* WORK REQUEST *
Set down, please, without alteration, the lines of the entries below from the first through the one containing "Illustration of gems and ores".

(Data records)
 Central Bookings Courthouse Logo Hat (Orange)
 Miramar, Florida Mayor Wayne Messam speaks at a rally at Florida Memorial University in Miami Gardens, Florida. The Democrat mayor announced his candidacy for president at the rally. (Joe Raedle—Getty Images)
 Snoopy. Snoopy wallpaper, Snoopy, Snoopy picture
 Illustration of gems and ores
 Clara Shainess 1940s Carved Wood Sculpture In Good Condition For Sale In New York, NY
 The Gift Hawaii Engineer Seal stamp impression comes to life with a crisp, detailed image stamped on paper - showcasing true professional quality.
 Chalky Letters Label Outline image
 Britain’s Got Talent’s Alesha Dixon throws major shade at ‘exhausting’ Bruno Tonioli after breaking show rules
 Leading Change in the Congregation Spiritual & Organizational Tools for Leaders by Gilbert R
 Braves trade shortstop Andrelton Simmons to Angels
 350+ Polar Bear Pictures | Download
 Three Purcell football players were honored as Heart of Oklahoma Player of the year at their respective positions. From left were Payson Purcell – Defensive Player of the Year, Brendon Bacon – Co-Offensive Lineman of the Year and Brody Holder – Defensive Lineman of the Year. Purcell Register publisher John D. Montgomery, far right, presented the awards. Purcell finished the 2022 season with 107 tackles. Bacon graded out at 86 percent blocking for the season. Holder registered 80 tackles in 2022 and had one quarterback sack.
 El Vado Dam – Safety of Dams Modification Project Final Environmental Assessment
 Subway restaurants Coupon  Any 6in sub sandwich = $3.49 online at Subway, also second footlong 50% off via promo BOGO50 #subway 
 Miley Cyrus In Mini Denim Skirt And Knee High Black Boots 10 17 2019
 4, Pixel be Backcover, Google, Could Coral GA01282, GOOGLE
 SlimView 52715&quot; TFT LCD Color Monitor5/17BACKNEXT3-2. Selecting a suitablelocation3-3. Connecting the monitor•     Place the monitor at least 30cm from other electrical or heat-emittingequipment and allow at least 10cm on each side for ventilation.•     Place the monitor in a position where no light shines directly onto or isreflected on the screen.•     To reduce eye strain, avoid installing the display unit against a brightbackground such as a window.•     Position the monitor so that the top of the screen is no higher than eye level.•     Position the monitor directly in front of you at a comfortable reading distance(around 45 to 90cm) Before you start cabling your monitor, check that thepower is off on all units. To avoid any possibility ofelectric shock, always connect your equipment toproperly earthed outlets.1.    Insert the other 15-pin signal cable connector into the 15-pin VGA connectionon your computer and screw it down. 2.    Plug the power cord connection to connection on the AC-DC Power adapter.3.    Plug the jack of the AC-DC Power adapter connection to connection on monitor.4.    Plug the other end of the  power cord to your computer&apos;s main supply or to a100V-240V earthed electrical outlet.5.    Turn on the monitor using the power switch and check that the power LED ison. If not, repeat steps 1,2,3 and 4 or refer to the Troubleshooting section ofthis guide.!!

* RESPONSE AREA *
 Central Bookings Courthouse Logo Hat (Orange)
 Miramar, Florida Mayor Wayne Messam speaks at a rally at Florida Memorial University in Miami Gardens, Florida. The Democrat mayor announced his candidacy for president at the rally. (Joe Raedle—Getty Images)
 Snoopy. Snoopy wallpaper, Snoopy, Snoopy picture
 Illustration of gems and ores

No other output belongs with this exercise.